# Ice and water shield on a metal deck



## ToolTimeTim (Jan 23, 2015)

So i have a job with the army corps of engineers. They are wanting us to put down ice and water shield directly onto their metal deck then install the plywood iso, a coverboard and then the standing seam roof. Is this just a prime and roll the ice and water type situation or will i have to screw it down with plates and screws?


----------



## 1985gt (Dec 21, 2010)

Nail board iso then a coverboard of what? and why?

Also why would you put ice and water shield down with screws and plates? The iso would be installed with screws and plates, seems rather foolish to install ice and water shield with them.


So yes prime and roll out the ice and water shield, also make sure the laps end up on the top part of the flute, other wise how is the ice and water shield going to perform like they want it. It can't be much of a vapor barrier with unsealed seams


----------



## ToolTimeTim (Jan 23, 2015)

Thats what i thought but the engineer seems to think i should fasten it to prevent it from sliding when we install the substrate board and iso


----------



## 1985gt (Dec 21, 2010)

Um it's self adhesive, if you prime and stick it down it will not move. 

I would seriously question this. 

Plus the Iso with plywood attached and then adding a coverboard makes zero sense.


----------



## ToolTimeTim (Jan 23, 2015)

I guess that is why i will never be an engineer... Letalone one for the corps


----------



## 1985gt (Dec 21, 2010)

Any government entity has odd ball ways of doing things.

I bid a roof on a building that the National Guard was donating for different services for soldiers returning home from war. 

Took my measurements, photos ect and started doing test cuts. Here comes the project manager from the National Guard, yelling at me asking what I was doing. I explain the process, and they had said they never heard of anyone doing that. I was pretty dumbfounded. I ask how was I suppose to bid it if I didn't know how the roof was made up, and how many roofs there were. 
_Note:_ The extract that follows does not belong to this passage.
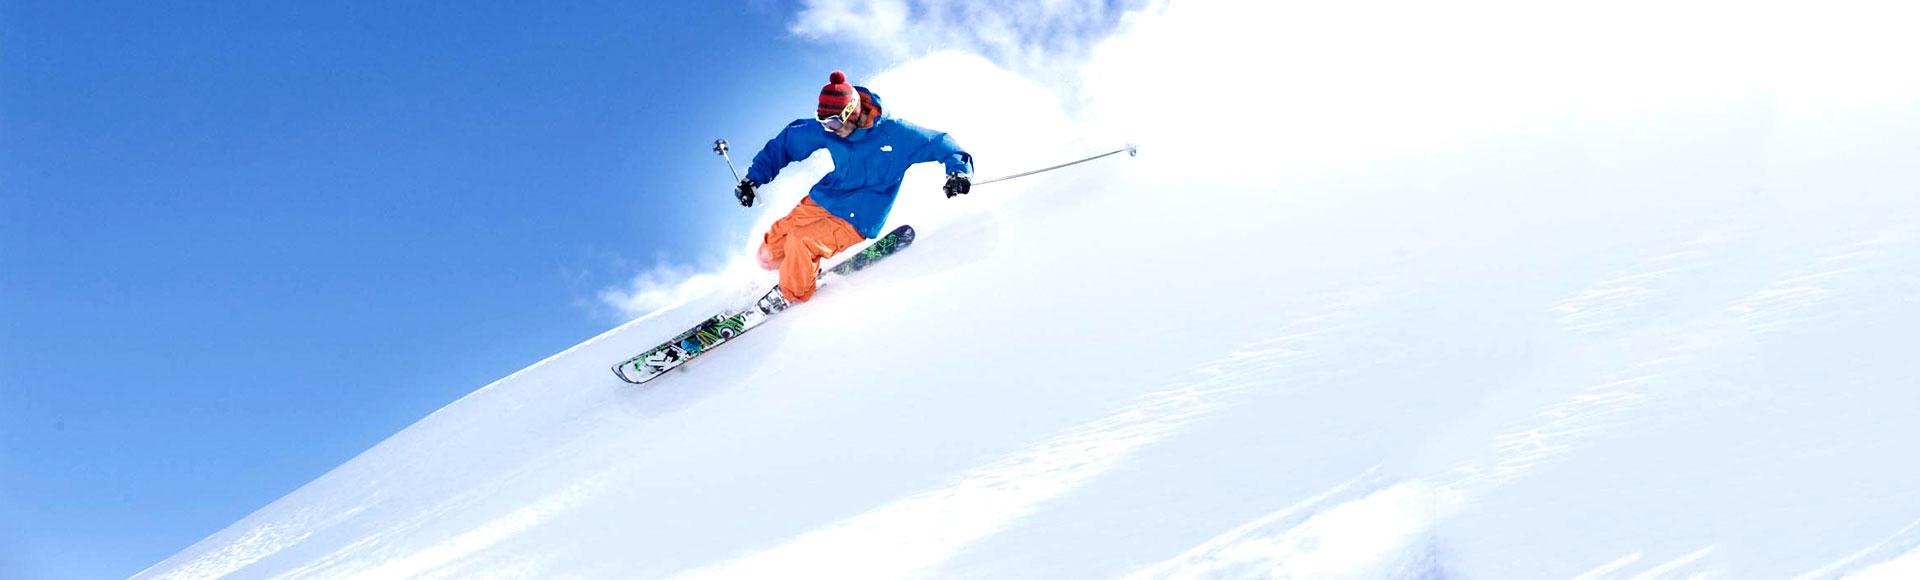 ofertas-ski-sul-home

Their response was bid it as you see it and if there is more layers or work that is what a change order is for. 

Makes complete sense why people go hard after jobs for the government.


----------



## ToolTimeTim (Jan 23, 2015)

I hear you on that i bid one for a community college who wouldnt let me cut their duro-trash roof and told me to just bid it per the plans and specs... I won it then found 2 roofs not listed and got to hit them for it all. It was a nice paying job...


----------



## 1985gt (Dec 21, 2010)

They set them self up for getting screwed over doing it that way. All of a sudden a competitive bid becomes a thank you very much.


----------